У меня дыхание перехватило – так горели твои очи, синие в этот миг. Убеждая себя, что просто смиряю строптивицу, я перехватил поцелуем уже готовые звать на помощь малиновые губки, и, начав целовать, уже не сумел остановиться…

На диво мягкая, трава щекотала ладони, и лицо, и путалась в волосах. Прервав поцелуй, ты смотрела мне в глаза долго-долго, пока, наконец, не решилась, не провела по щеке тонкими пальчиками, не прошептала едва слышно:
- Владимир…
Ты ведь тоже скучала по мне. Нынче я это доподлинно знаю: ты тосковала и боялась, ты ждала меня с войны, ты молилась горячо и страстно, прося у Заступницы благополучного моего возвращения. Но в тот миг словно бес какой дернул меня за язык! Уподобившись в улыбке хищной поймавшему мышонка коту, я прищурил глаза и с ленцою протянул:
- Полагаю, ваше поведение можно расценивать, как согласие скрасить моё возвращение домой, мадемуазель? Увы, на Кавказе, в самом пекле боев, женское общество – такая редкость…
Я ведь просто хотел пошутить! Или это так низко, столь недостойно давала о себе знать уже почти забытая спесь?

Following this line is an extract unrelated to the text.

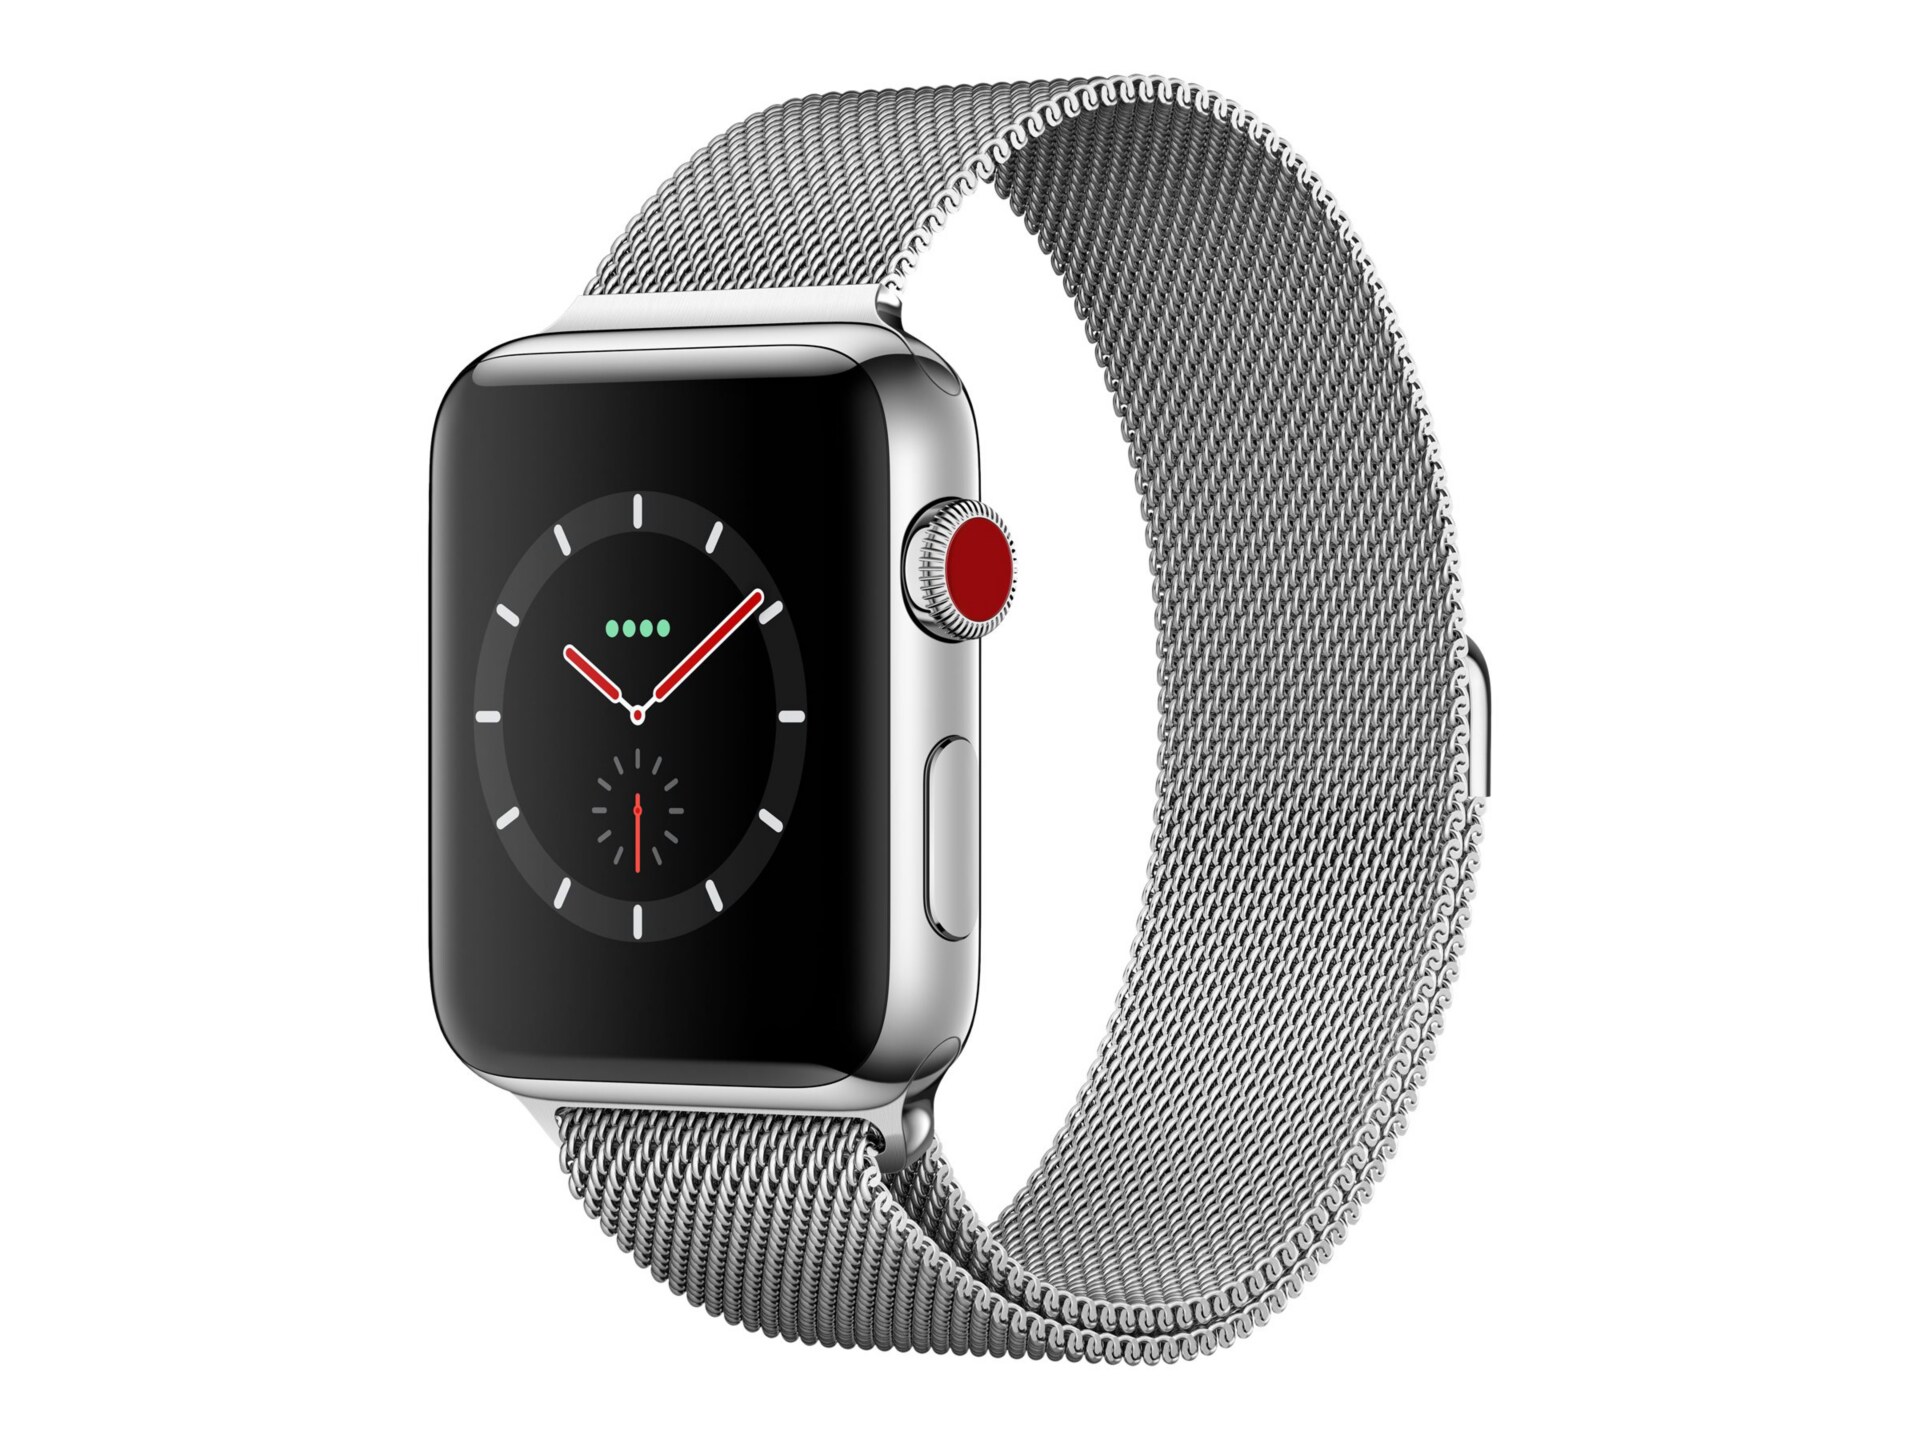 Apple Watch Series 3 (GPS + Cellular) - stainless steel - smart watch with milanese loop - 16 GB - not specified

Твоё личико тут же изменилось: смущенный румянец вмиг сошел, оставшись на щеках бледностью, глаза погасли, ресницы затрепетали, как если бы силились спрятать подступившие слезы. С неожиданным проворством ты отбросила мои руки, выпрямилась и кинулась прочь, на ходу подбирая опрокинутое лукошко.
- Никогда! Никогда не смейте даже приближаться ко мне, слышите?! – вскричала, не глядя вниз, на застывшего посреди поляны меня. – А если позволите себе хоть что-то подобное, я… я…

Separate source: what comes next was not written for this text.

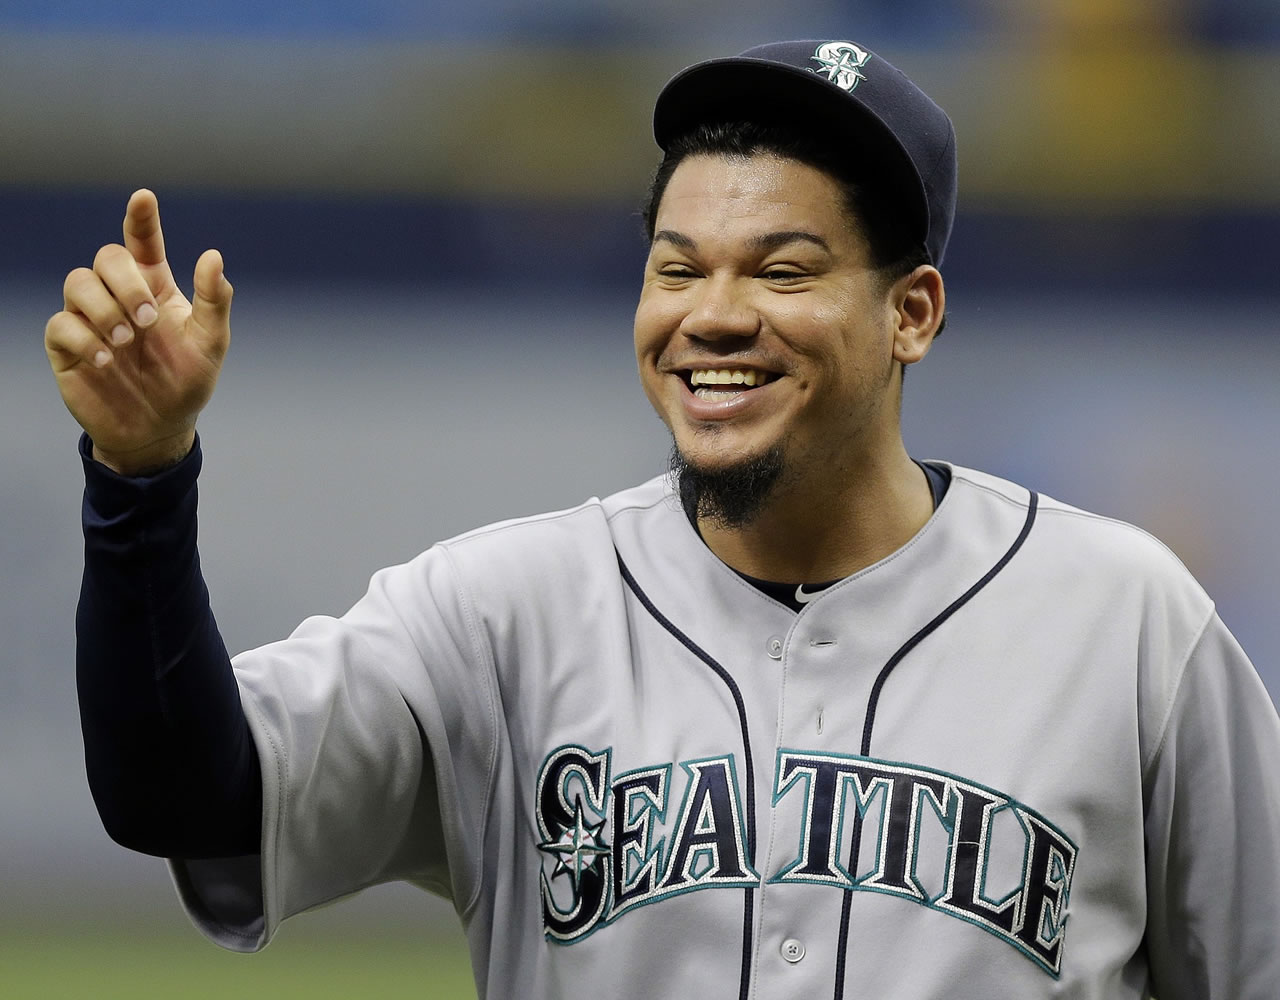 Seattle Mariners starting pitcher Felix Hernandez reacts as he in congratulated by teammates after his complete game shutout of the Tampa Bay Rays during a baseball game Wednesday, May 27, 2015, in St. Petersburg, Fla.  The Mariners won the game 3-0.

Ты не договорила, моя сладкая. Или это слова иссякли, уступая место слезам? А ты же никому не покажешь своих слез, маленькая гордячка. Подобрав длинные полы сарафана, слишком уж свободного на стройной твоей фигурке, ты ринулась в сторону в поисках тропинку. И только тогда, я, болван, понял: ласково позвав меня по имени, разомлев в моих объятьях, позволив увлечь себя на пышные летние травы, ты не просто доверилась мне! Ты меня любишь! Господи, будь я уверен в тот день хотя бы самую малость в неожиданном своём открытии, сразу бросился бы за тобой, но понадобилось несколько мучительно долгих минут, чтобы осознать такую простую, но такую важную правду.
И лишь тогда я подхватился на ноги. Побежал за тобою, прислушиваясь и всматриваясь вперед через густо сплетенные ветви. Догнал тебя уже за малинником, вернее, нашел: не ожидая погони, ты плакала, прислонившись к стройной березке, а стоило мне обнять тебя – снова попробовала вырваться. Шепнула, забывшись:
- Не трогай меня, слышишь?! – и обиженно посмотрела исподлобья, задерживая готовый сорваться всхлип.
Я опустился на колени… Совершенно четко помню это нынче, помню даже: под ногою оказалась сухая коряга и жутко давила, а я словно забыл о боли. Я вообще ничего не видел, кроме твоих заплаканных синих глаз, не слышал, кроме твоего голоса, выговаривающего мне, будто нашкодившему мальчишке, что ты не станешь утешением на ночь, не позволишь посмеяться над тобою, что ты крепостная, стекляшка, подделка, игрушка старого барина, но даже у таких домашних игрушек есть душа, и сердце. И это сердце может любить…
Ты сказала об этом – и сама испугалась произнесенных признаний. Замерла в моих объятьях, словно пойманный волком зайчонок. Очнулась же оттого, что я виновато целовал твои руки, улыбнулась несмело, а когда я уткнулся лбом в пышные складки твоего сарафана, бережно погладила меня по голове, враз всё прощая…
В тот день мне казалось: невозможно быть счастливее!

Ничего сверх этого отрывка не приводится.